▶ PROBLEM
Omit every picture, then return each line of the data below exactly.

▶ INFORMATION PROVIDED
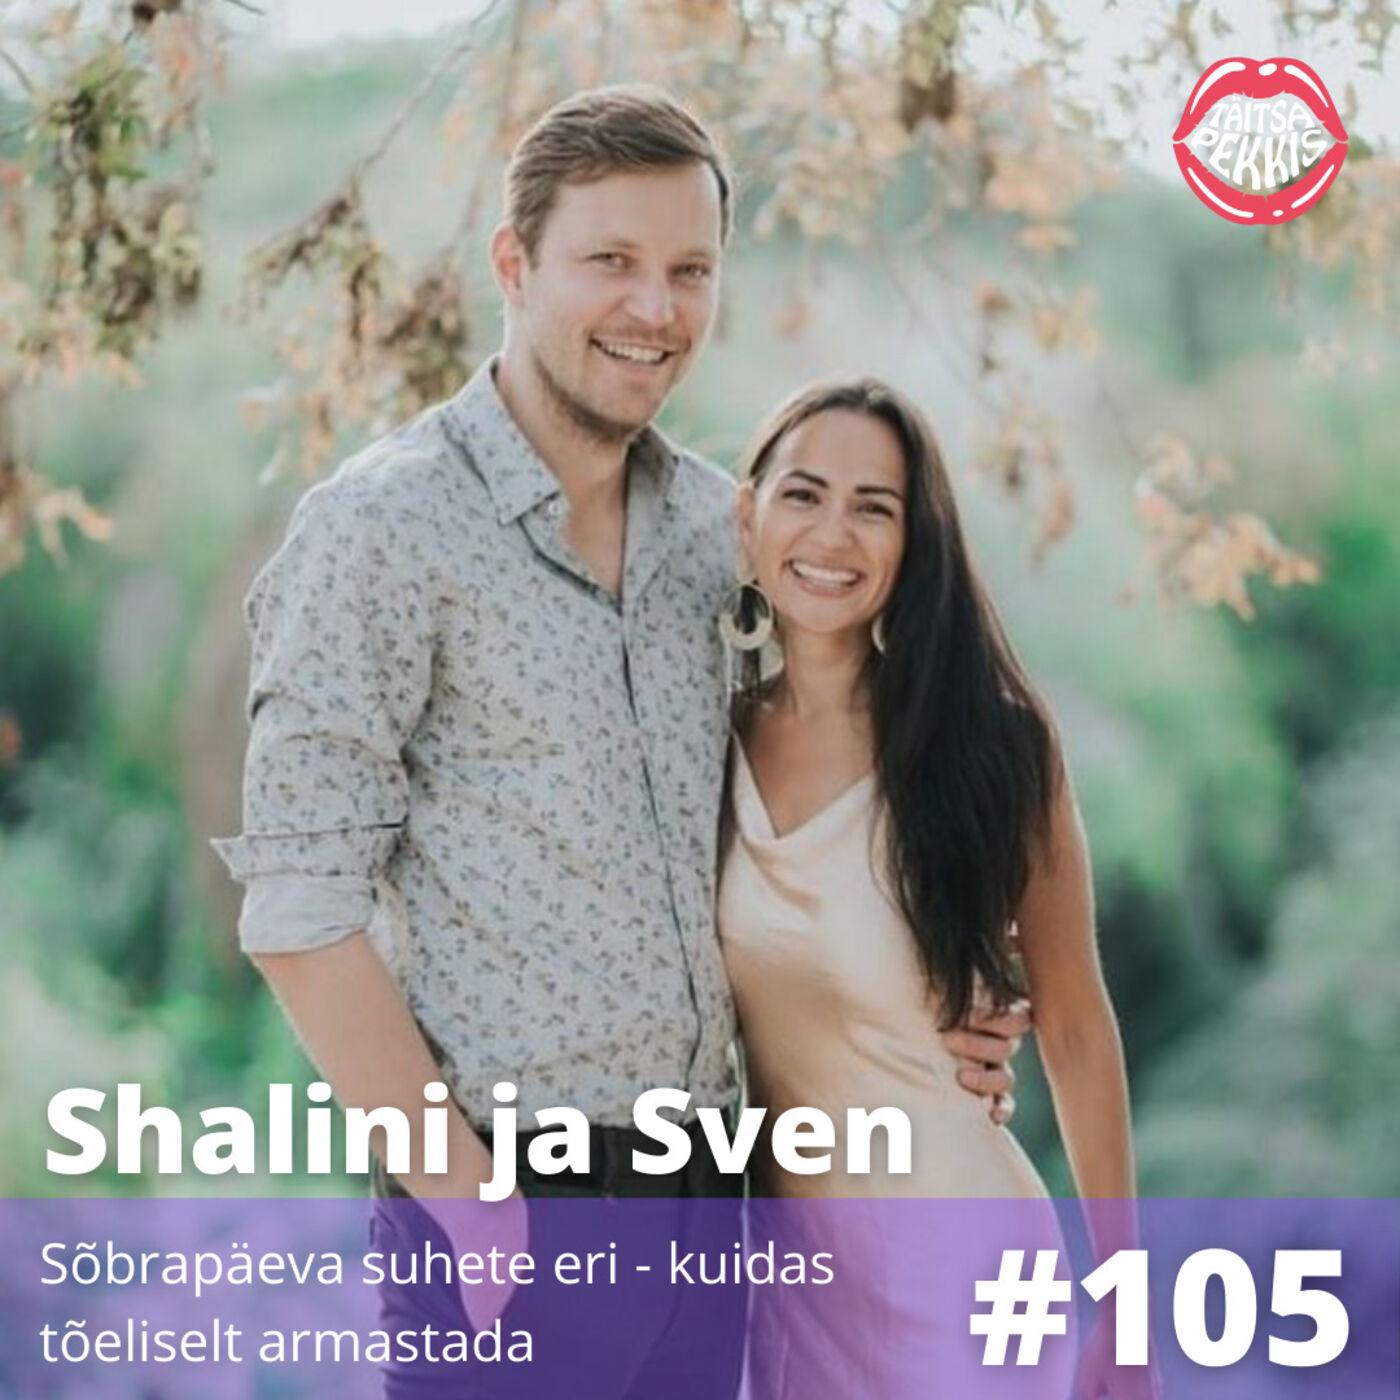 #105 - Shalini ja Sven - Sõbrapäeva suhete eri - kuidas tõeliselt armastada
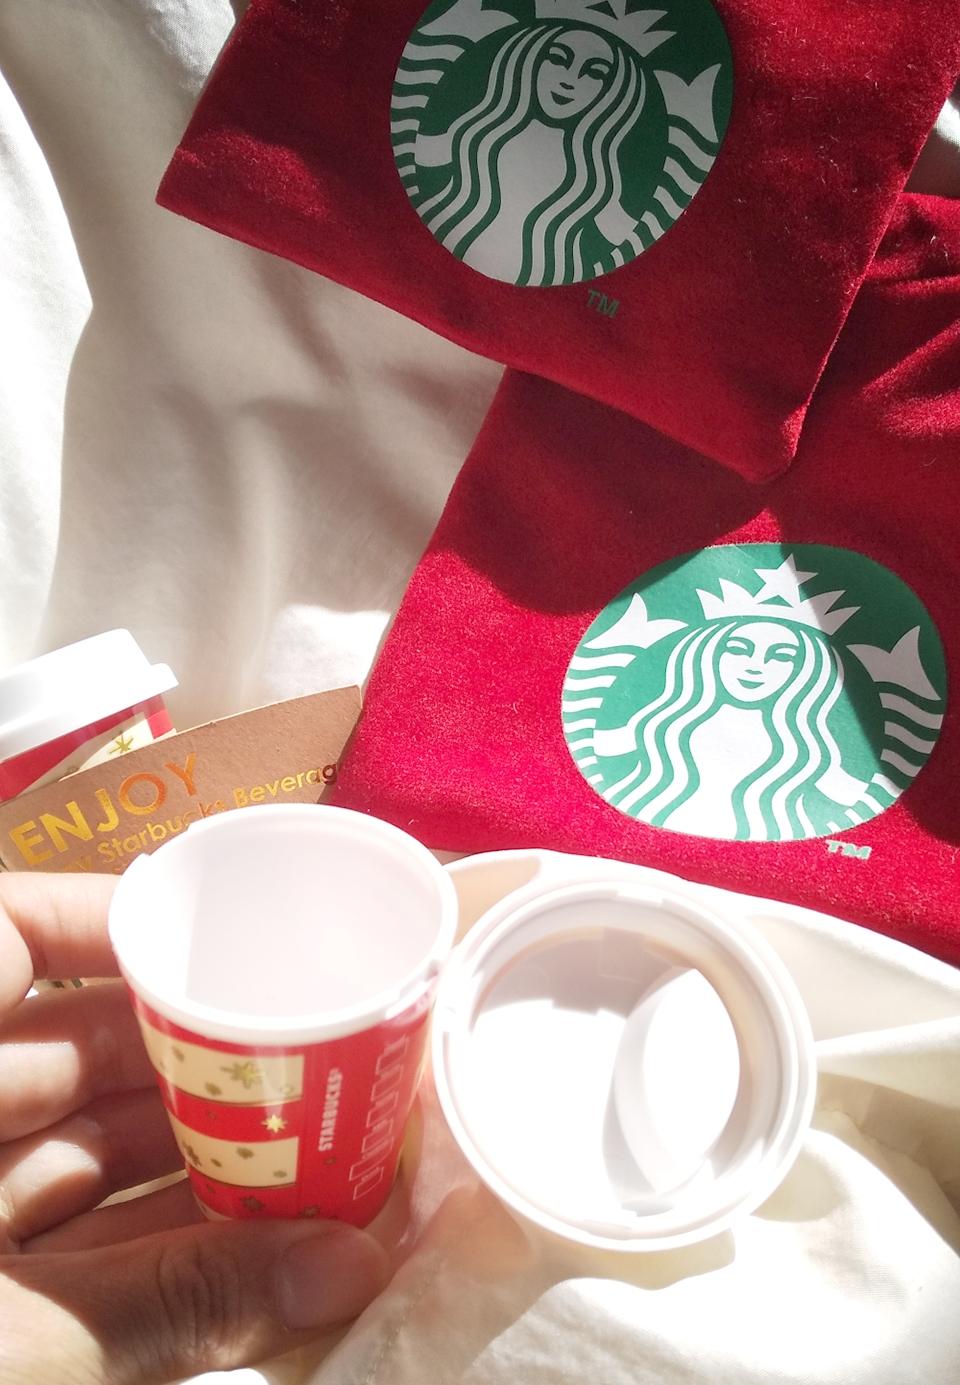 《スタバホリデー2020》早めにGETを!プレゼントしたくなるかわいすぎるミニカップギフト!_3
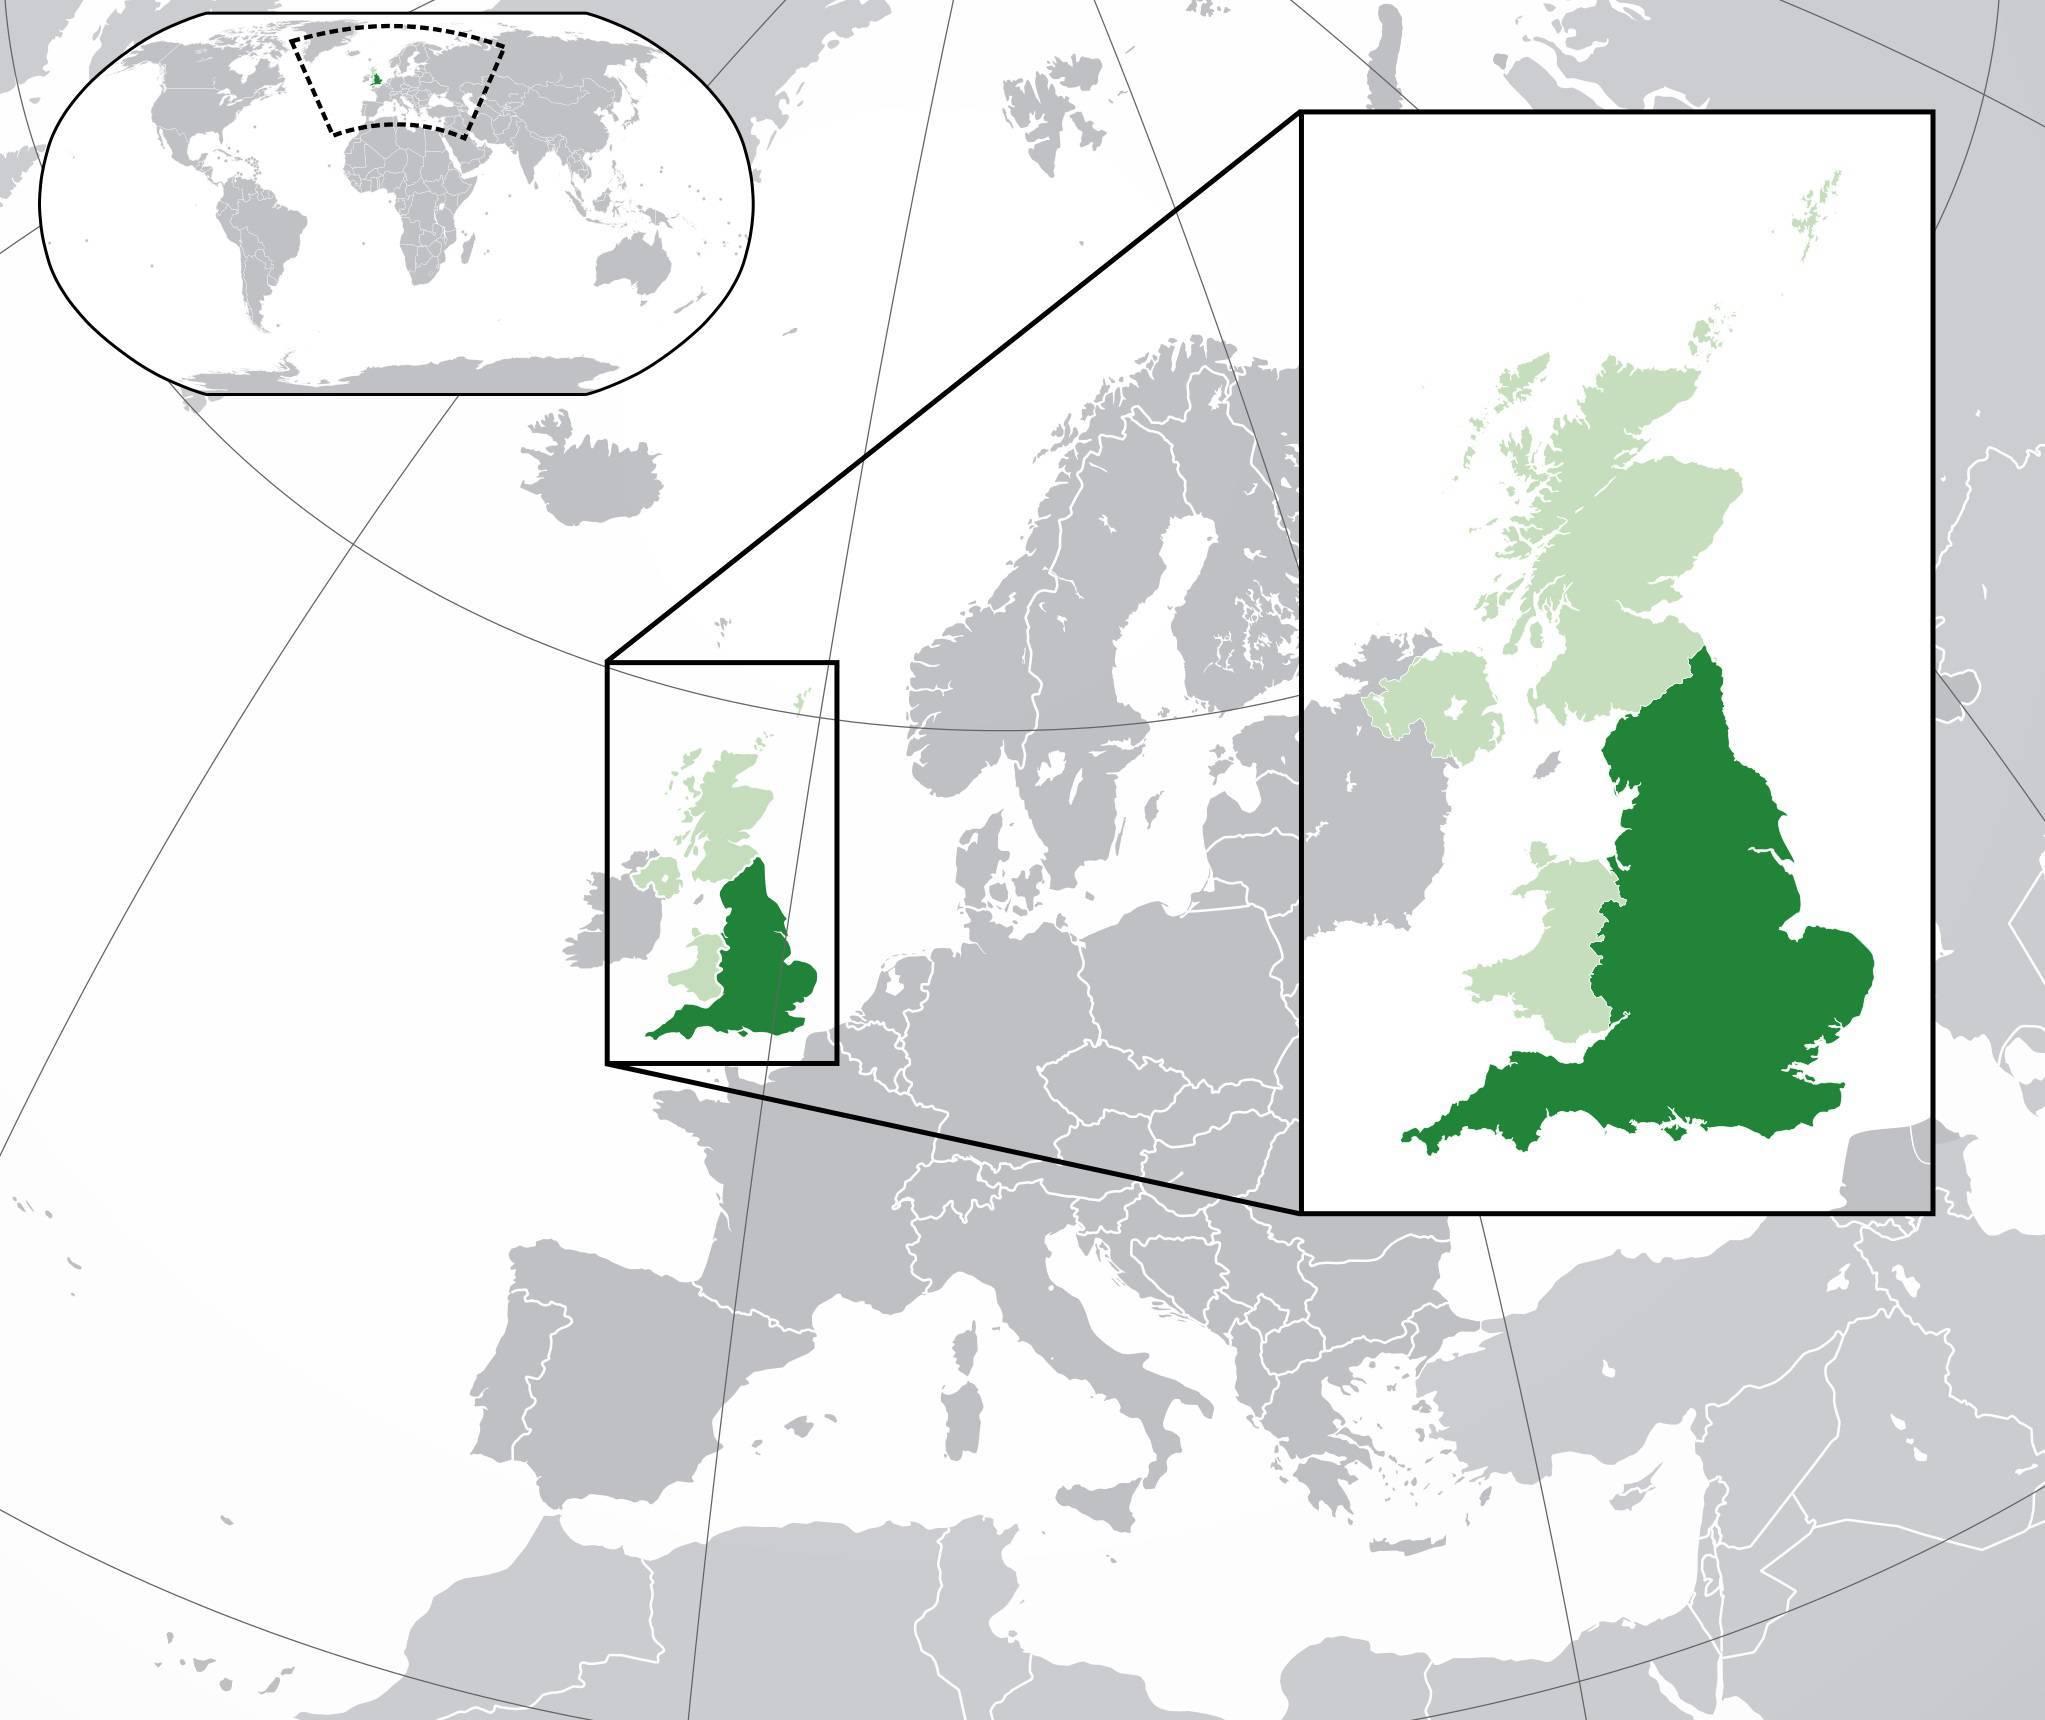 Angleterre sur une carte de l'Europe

▶ FINISHED TASK
 #105 - Shalini ja Sven - Sõbrapäeva suhete eri - kuidas tõeliselt armastada
 《スタバホリデー2020》早めにGETを!プレゼントしたくなるかわいすぎるミニカップギフト!_3
 Angleterre sur une carte de l'Europe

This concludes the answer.